Dataset extract:
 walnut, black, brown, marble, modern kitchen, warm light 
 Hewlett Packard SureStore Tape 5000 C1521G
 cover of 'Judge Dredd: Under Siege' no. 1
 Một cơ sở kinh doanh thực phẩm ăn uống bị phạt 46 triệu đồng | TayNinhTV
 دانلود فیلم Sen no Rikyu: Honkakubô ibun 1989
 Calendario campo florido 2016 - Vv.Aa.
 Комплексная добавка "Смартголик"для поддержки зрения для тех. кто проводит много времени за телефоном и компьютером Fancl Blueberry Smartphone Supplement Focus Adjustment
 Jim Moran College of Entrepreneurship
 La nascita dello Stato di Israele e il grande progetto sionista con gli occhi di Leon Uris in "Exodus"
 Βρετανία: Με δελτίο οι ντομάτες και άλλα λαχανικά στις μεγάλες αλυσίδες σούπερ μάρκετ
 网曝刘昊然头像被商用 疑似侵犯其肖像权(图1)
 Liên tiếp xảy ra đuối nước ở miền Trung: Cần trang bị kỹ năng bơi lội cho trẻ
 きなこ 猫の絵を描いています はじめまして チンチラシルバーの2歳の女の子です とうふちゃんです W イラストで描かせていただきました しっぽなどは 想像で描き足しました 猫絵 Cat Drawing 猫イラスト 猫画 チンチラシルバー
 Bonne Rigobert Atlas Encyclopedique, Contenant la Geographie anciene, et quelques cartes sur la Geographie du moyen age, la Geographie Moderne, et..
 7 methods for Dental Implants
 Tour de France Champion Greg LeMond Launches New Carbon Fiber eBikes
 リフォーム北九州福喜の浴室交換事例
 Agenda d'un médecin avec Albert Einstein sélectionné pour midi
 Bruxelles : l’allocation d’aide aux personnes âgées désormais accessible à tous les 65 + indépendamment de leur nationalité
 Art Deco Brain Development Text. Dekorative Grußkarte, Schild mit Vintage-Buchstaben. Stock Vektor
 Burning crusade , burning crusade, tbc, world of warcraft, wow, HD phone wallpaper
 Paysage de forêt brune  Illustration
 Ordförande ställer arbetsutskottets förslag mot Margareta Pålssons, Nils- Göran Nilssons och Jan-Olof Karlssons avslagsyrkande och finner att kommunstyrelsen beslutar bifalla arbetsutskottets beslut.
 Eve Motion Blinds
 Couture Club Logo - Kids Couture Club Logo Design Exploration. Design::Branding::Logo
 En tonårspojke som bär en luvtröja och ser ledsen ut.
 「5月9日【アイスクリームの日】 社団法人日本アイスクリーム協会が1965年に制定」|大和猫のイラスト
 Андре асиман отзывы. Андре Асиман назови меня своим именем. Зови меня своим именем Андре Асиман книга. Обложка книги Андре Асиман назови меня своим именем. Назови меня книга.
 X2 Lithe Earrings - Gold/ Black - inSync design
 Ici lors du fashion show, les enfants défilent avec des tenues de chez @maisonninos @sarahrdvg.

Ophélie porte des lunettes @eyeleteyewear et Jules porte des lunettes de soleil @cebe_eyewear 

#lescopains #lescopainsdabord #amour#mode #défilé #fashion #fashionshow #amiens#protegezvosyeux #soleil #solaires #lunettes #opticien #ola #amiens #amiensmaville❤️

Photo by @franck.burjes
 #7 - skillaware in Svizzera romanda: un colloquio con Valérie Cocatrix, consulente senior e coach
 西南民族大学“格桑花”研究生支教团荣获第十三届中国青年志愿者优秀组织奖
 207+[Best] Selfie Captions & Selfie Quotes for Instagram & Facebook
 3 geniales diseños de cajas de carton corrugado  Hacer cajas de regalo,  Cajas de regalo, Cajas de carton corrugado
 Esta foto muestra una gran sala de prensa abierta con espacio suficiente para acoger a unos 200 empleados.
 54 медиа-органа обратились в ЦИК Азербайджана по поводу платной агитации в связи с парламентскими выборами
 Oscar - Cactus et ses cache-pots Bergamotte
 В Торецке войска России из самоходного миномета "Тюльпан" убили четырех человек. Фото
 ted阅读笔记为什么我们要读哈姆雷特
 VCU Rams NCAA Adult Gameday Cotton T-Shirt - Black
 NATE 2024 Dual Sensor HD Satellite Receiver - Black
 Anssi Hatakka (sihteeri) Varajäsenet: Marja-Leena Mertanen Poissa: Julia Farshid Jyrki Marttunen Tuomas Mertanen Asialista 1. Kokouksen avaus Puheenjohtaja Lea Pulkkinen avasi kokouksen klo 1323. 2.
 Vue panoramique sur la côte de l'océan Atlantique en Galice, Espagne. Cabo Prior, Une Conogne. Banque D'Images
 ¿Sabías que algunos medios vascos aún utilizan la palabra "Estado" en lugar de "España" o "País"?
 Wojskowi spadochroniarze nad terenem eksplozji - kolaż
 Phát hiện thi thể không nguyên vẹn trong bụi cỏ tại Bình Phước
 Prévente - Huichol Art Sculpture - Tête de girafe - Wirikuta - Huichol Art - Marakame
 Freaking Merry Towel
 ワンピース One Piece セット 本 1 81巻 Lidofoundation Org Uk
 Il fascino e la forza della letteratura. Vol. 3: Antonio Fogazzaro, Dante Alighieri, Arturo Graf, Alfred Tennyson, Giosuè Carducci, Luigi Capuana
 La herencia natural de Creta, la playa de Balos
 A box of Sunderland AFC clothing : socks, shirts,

Task requirements:
Only what runs from the line containing "Esta foto muestra" through the final line of the entries above belongs in the answer, restated exactly.

Output below:
 Esta foto muestra una gran sala de prensa abierta con espacio suficiente para acoger a unos 200 empleados.
 54 медиа-органа обратились в ЦИК Азербайджана по поводу платной агитации в связи с парламентскими выборами
 Oscar - Cactus et ses cache-pots Bergamotte
 В Торецке войска России из самоходного миномета "Тюльпан" убили четырех человек. Фото
 ted阅读笔记为什么我们要读哈姆雷特
 VCU Rams NCAA Adult Gameday Cotton T-Shirt - Black
 NATE 2024 Dual Sensor HD Satellite Receiver - Black
 Anssi Hatakka (sihteeri) Varajäsenet: Marja-Leena Mertanen Poissa: Julia Farshid Jyrki Marttunen Tuomas Mertanen Asialista 1. Kokouksen avaus Puheenjohtaja Lea Pulkkinen avasi kokouksen klo 1323. 2.
 Vue panoramique sur la côte de l'océan Atlantique en Galice, Espagne. Cabo Prior, Une Conogne. Banque D'Images
 ¿Sabías que algunos medios vascos aún utilizan la palabra "Estado" en lugar de "España" o "País"?
 Wojskowi spadochroniarze nad terenem eksplozji - kolaż
 Phát hiện thi thể không nguyên vẹn trong bụi cỏ tại Bình Phước
 Prévente - Huichol Art Sculpture - Tête de girafe - Wirikuta - Huichol Art - Marakame
 Freaking Merry Towel
 ワンピース One Piece セット 本 1 81巻 Lidofoundation Org Uk
 Il fascino e la forza della letteratura. Vol. 3: Antonio Fogazzaro, Dante Alighieri, Arturo Graf, Alfred Tennyson, Giosuè Carducci, Luigi Capuana
 La herencia natural de Creta, la playa de Balos
 A box of Sunderland AFC clothing : socks, shirts,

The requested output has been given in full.